Bulan April 2013 kemarin satu anggota Mapala Untan menyelesaikan pendakian Gn. Bukit Raya (2278 mdpl) di perbatasan Kalbar dan Kalteng. Pendakian ini menggunakan jalur normal dari Pontianak menuju Sintang, kemudian Melawi, Nanga Serawai, Jelundung dan Rantau Malam. Start pendakian dimulai dari Desa Rantau Malam. Pendakian ini merupakan kali ketiga setelah tahun 1992, 1999, dan saat ini tahun 2013. Ada yang menarik dari tahun pendakian ini, tahun pertama dan kedua berjarak 7 tahun. Tahun kedua dan ketiga berjarak 14 tahun. Semoga pendakian berikutnya tak perlu menunggu 28 tahun lagi....
Pendakian Bukit Raya 2013. Dok. Mapala Untan
Pendakian Bukit Raya 2013 ini dalam rangka “menemani” sekelompok pendaki gunung dalam ekspedisi Seven Summit Indonesia. Bukit Raya merupakan salah satu target dalam 7 puncak gunung tertinggi di Indonesia dan Kalbar merupakan pintu masuk yang paling memungkinkan untuk melaksanakan pendakian karena akses yang lebih mudah dan telah beberapa kali dilakukan pendakian. Mapala Untan dapat mengambil peran sebagai tuan rumah karena tidak ada Kelompok Pencinta Alam lain yang lebih banyak mendaki Bukit Raya daripada Mapala Untan.

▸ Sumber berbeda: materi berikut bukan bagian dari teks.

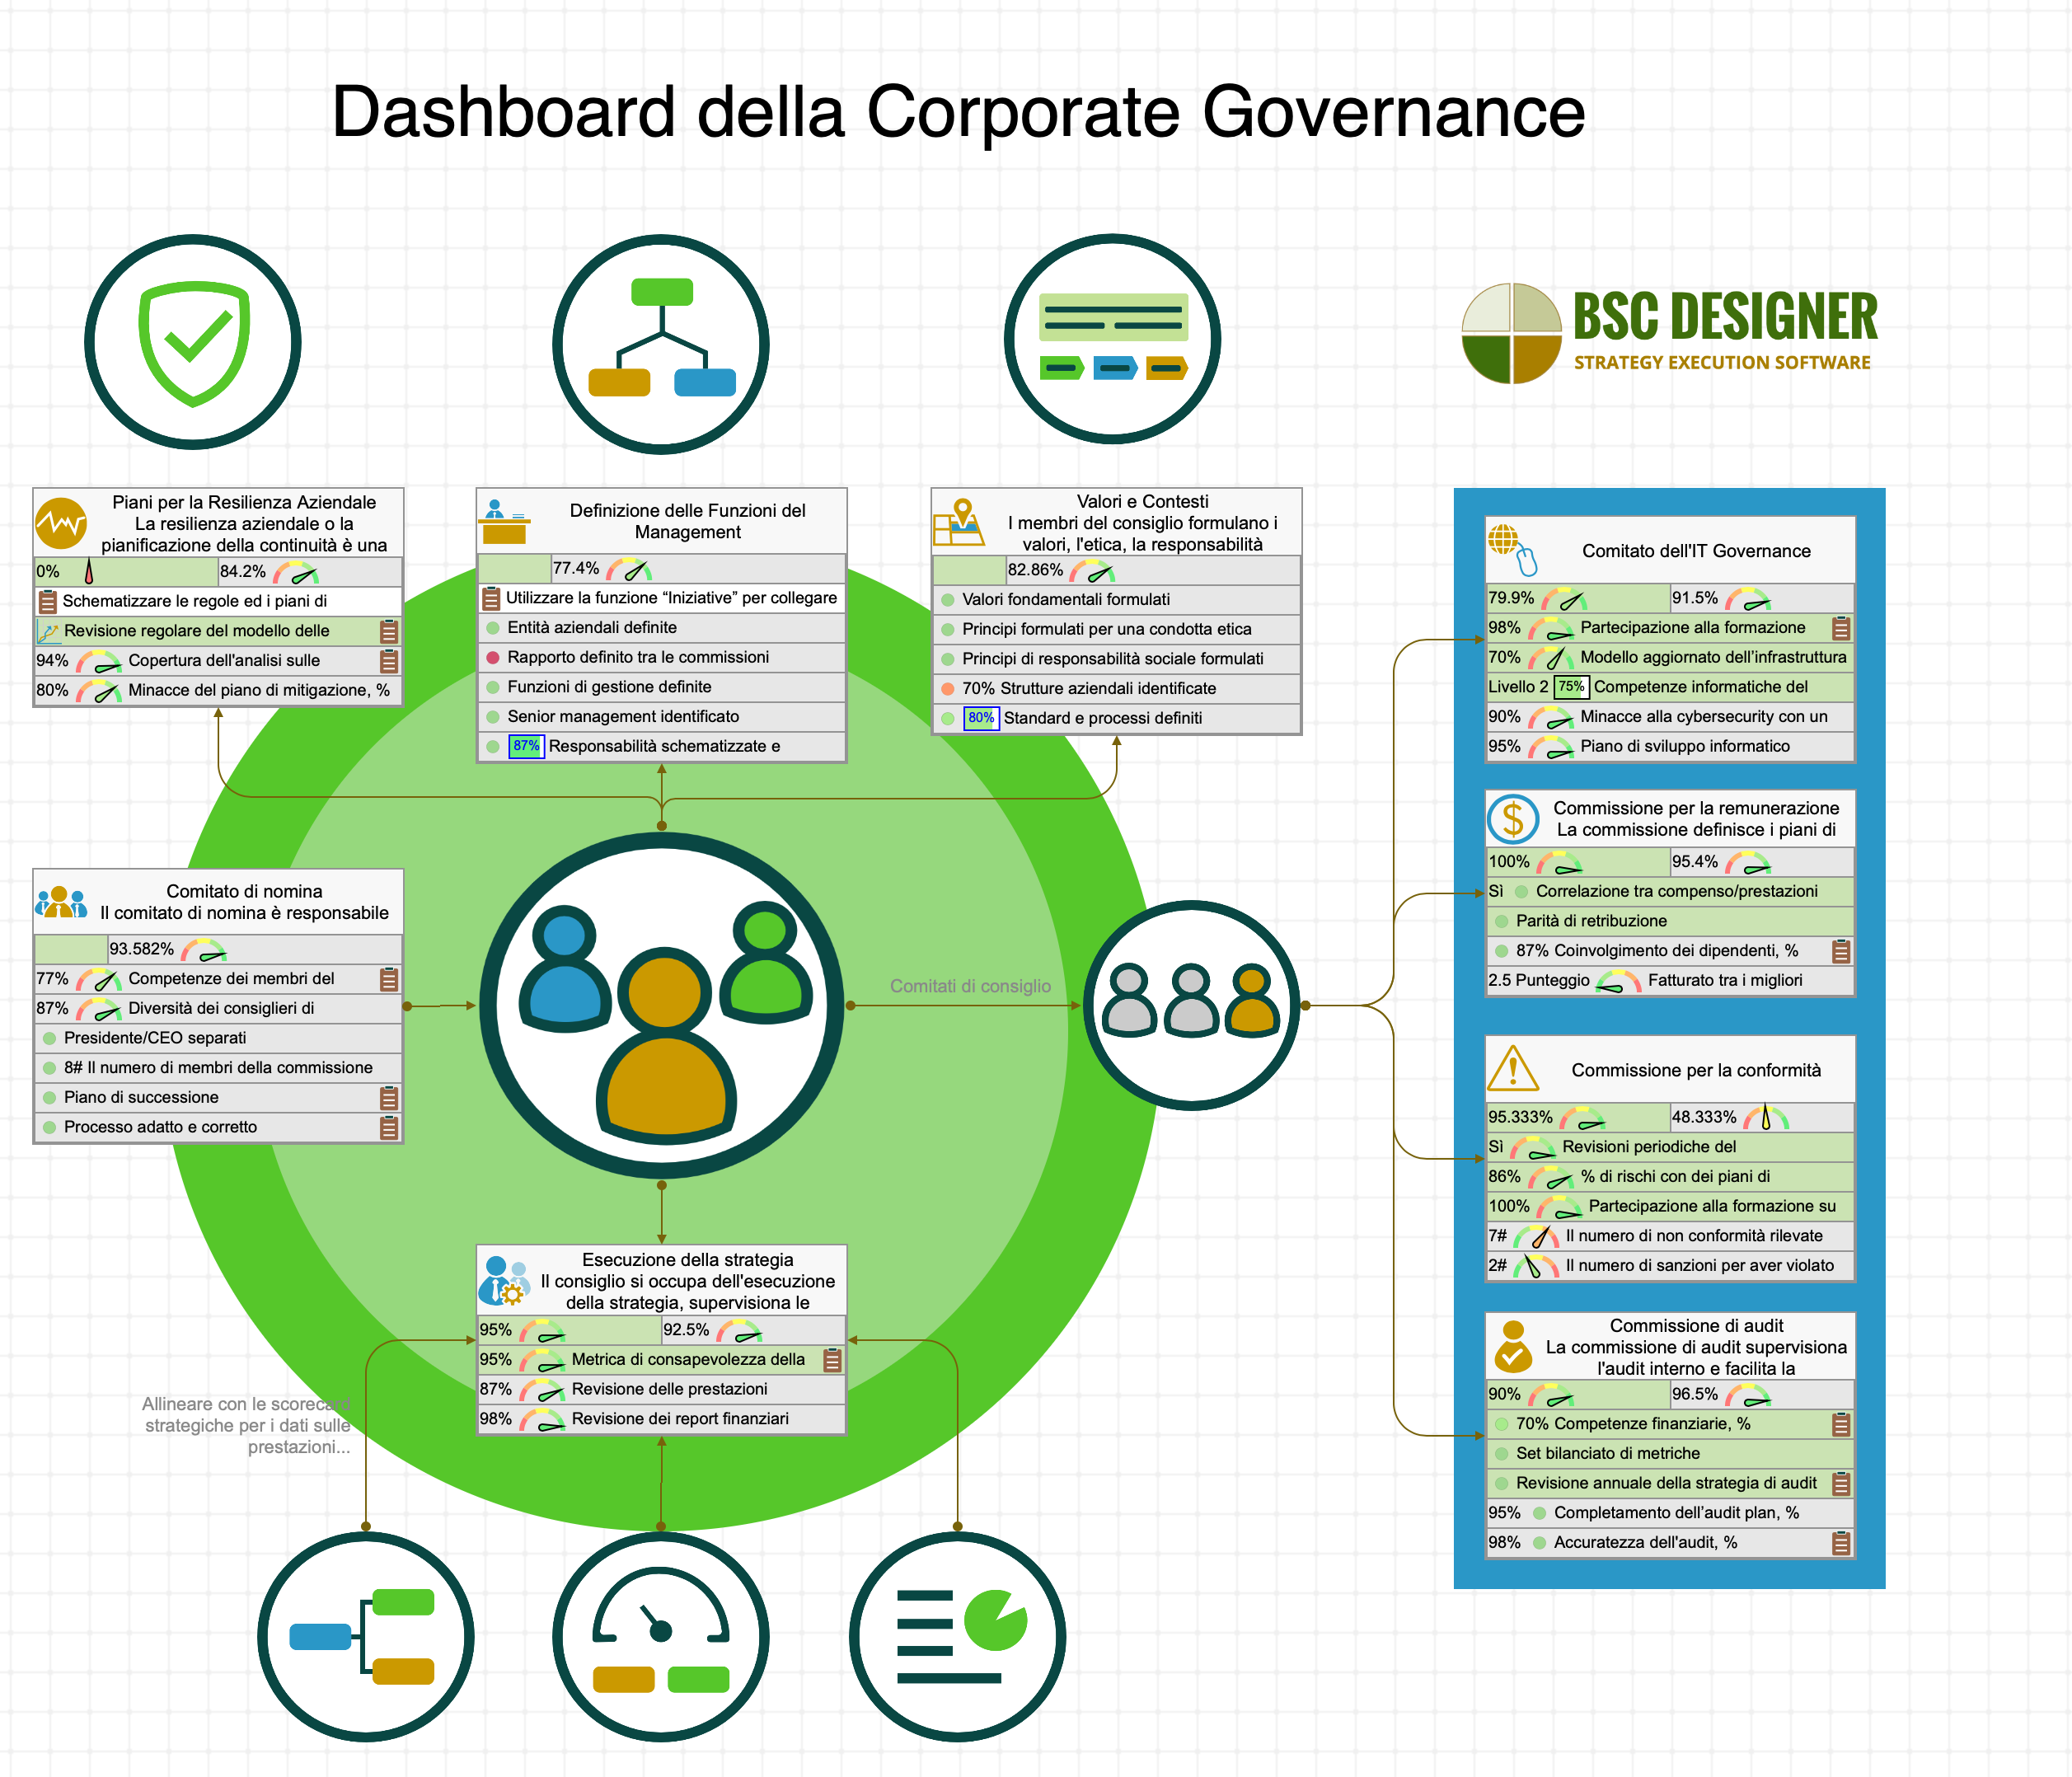 Dashboard della Corporate Governance con i KPI

Mengamati foto-foto perjalanan mulai dari Serawai sampai ke Bukit Raya, ada yang mengganggu perasaan saya. Air sungai yang dulu kami lewati berwarna bening dan kebiru-biruan sekarang telah menjadi coklat kotor. Aktivitas PETI ( Penambangan Emas Tanpa Izin) yang dilakukan di tepi sungai mulai marak. Dulu hanya 1 atau 2 buah PETI di tepi sungai, sekarang tak terhitung. Mungkin situasi dan kondisi yang memaksa masyarakat melakukan hal tersebut dan ada cukong yang mendanai mereka. Jika ada pekerjaan lebih layak dan menguntungkan, tentunya mereka akan beralih ke pekerjaan lain.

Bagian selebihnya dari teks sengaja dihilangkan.